Hello, I have recently upgraded to norton ghost 2003 and have made an
image of my NTFS partition onto another NTFS drive. Afteri did this i
tested the image and was thrilled that it worked fine. I then
porceeded to use easy cd creator to burn the .gho file to a cd. Once
on the cd, I booted into Dos with my new Ghost Boot Disk. When
selecting my cd-rom, the image failed to show up. (instead it just
said somthing like "ghost image/file") Upon clicking that, i received
an "error 1972, the image was not created in ghost". I than tried to
make a bootable cd. That also resulted in an "error 1972", accept
this time it said "the current disk is not the 1st in the set". I
tried using an ms-dos bootdisk instead of pc-dos which also didn't
work.
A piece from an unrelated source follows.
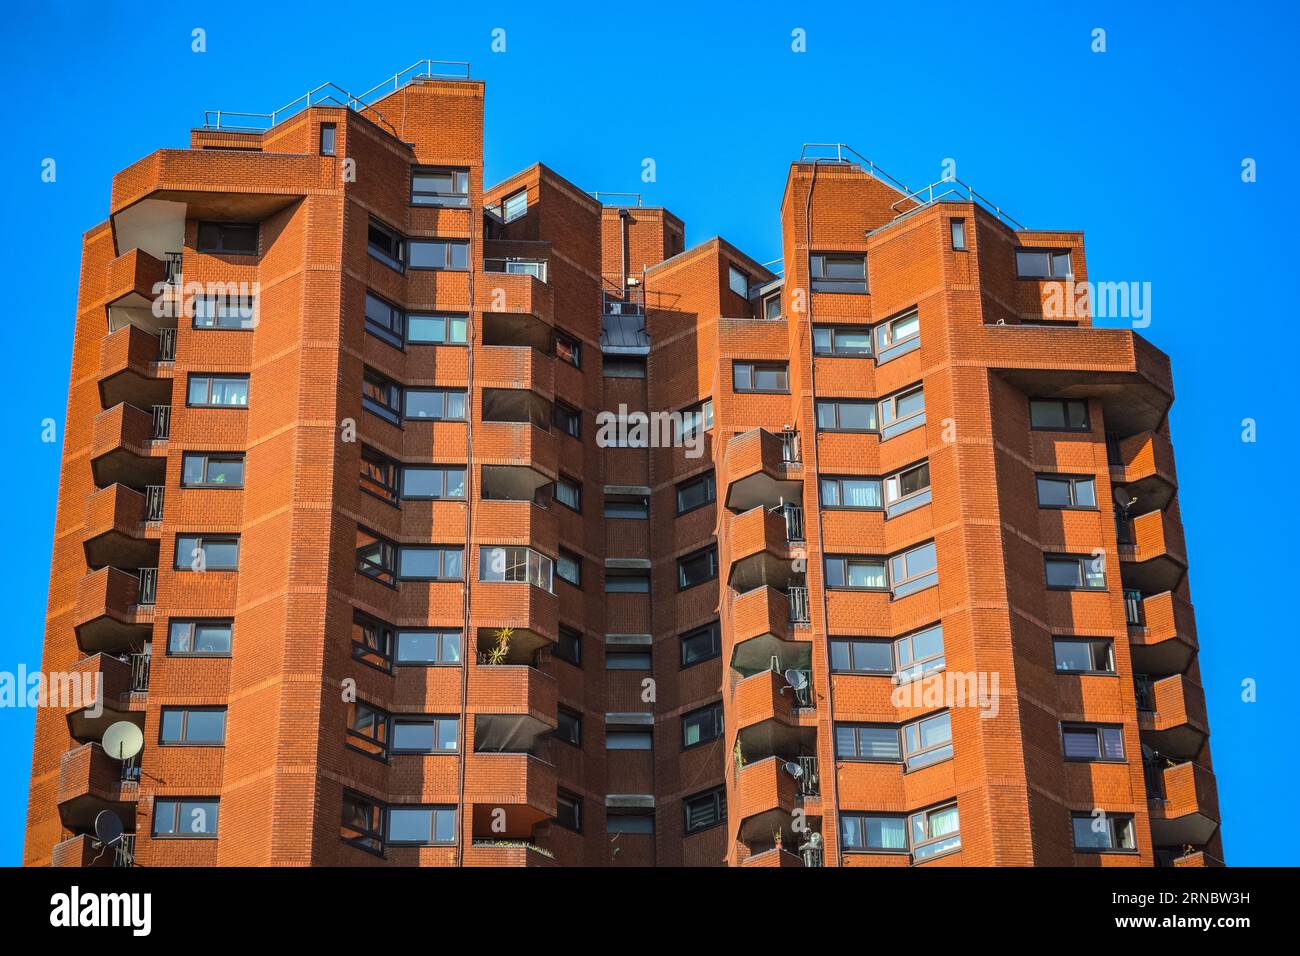 Brutalist architecture, part of the World's End estate in Chelsea, London Stock Photo

I have found out about
http://service1.symantec.com/SUPPORT/ghost.nsf/docid/2002101011320025
?Open&src=w andhave assigned a letter to the drive.
How does this fix work if it is based on a setting in windows, while
ghost runs off of pc dos? should i set this before i burn the cd?
before i make a boot disk? (the cd also doesn't work on my normal
cd-rom). Does ANYBODY know how tofix this??? My old version of ghost
worked fine (6.0) If anyone know how to fix this problem please help me. I'm using windows 2000 sp3.
Please help!! Thanks in advance. This is greatly appreciated.


----------



## johnwill (Sep 26, 2002)

Have you tried to let GHOST write directly to the CD-RW drive? That's the sure way to make CD images.


----------



## Der Rabe (Jun 27, 2002)

You mush have an awfully small hard drive for it to fit to one cd.


----------



## johnwill (Sep 26, 2002)

GHOST spans CD's automatically as it writes the image, you can have as large an image as you like.

FWIW, I routinely only have 2-3gigs on my boot partition, since I keep all my data on other partitions. Makes it a lot easier to backup or restore if I don't have to screw around with lots of data...


----------